2- Khuntsâ Ghair Musykil, yaitu orang yang mempunyai dua kelamin ganda, tetapi secara definitif jelas. Jika yang berfungsi kelamin laki-laki, maka dia dihukumi laki-laki. Tetapi, jika yang berfungsi kelamin perempuan, maka dia pun dihukumi perempuan.
Dari sini jelas, bahwa Khuntsâ Musykil ini mempunyai ciri-ciri laki-laki atau perempuan, dan tidak diketahui apakah dia laki-laki atau perempuan. Khuntsâ Musykil ini, sebagaimana yang telah dijelaskan di atas, bisa dikategorikan menjadi dua: Pertama, mempunyai kelamin ganda, dan keduanya sama-sama berfungsi. Kedua, tidak mempunyai kelamin sama sekali, tetapi mempunyai jalur lain untuk membuang air.

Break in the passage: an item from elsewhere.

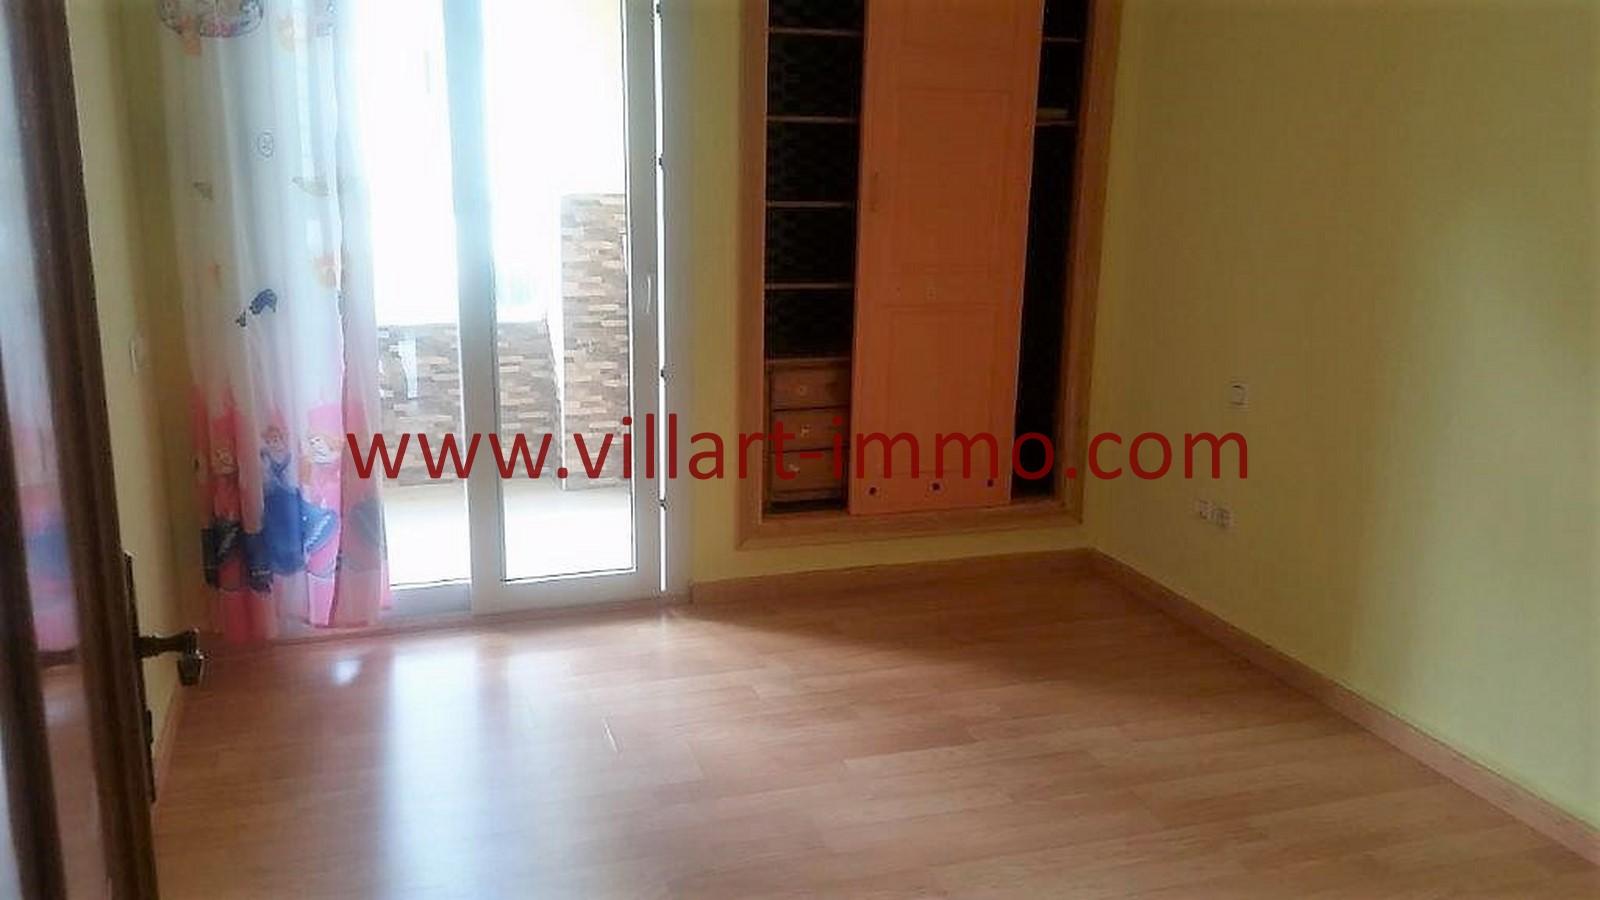 12-location-appartement-Non meublé-Tanger-Californie-Chambre 3-L1028

Jumhur fuqaha’ berpendapat, jika Khuntsâ Musykil ini kencing sebelum baligh dari kelamin laki-laki, maka dia dihukumi laki-laki. Jika dia kencing melalui kemaluan perempuan, maka disebut perempuan. Namun, setelah baligh, kondisinya tampak dengan salah satu ciri yang menonjol. Jika dia keluar jenggot, mengeluarkan sperma melalui testis, atau bisa menghamili perempuan, maka dia dihukumi laki-laki. Begitu juga ketika tampak ciri-ciri keberaniannya, sikap kesatria dan sabar menghadapi musuh, maka ini menjadi indikasi kejantanannya, sebagaimana yang disebutkan oleh Imam as-Suyuthi, menukil dari pendapat Imam al-Isnawi.
Namun, jika dia mempunyai embing susu, dan bisa mengeluarkan air susu, menstruasi, atau bisa disetubuhi, maka dia jelas perempuan. Begitu juga hamil, melahirkan adalah bukti yang nyata, bahwa dia perempuan. Begitu juga tampak dari kecenderungan seksualnya. Misalnya, jika dia menyukai laki-laki, maka dia dihukumi perempuan. Sebaliknya, jika dia menyukai perempuan, maka dia dihukumi laki-laki. Maka, Imam as-Suyuthi menjelaskan, “Istilah Khuntsa dalam fiqih digunakan dengan konotasi Khuntsa Musykil.”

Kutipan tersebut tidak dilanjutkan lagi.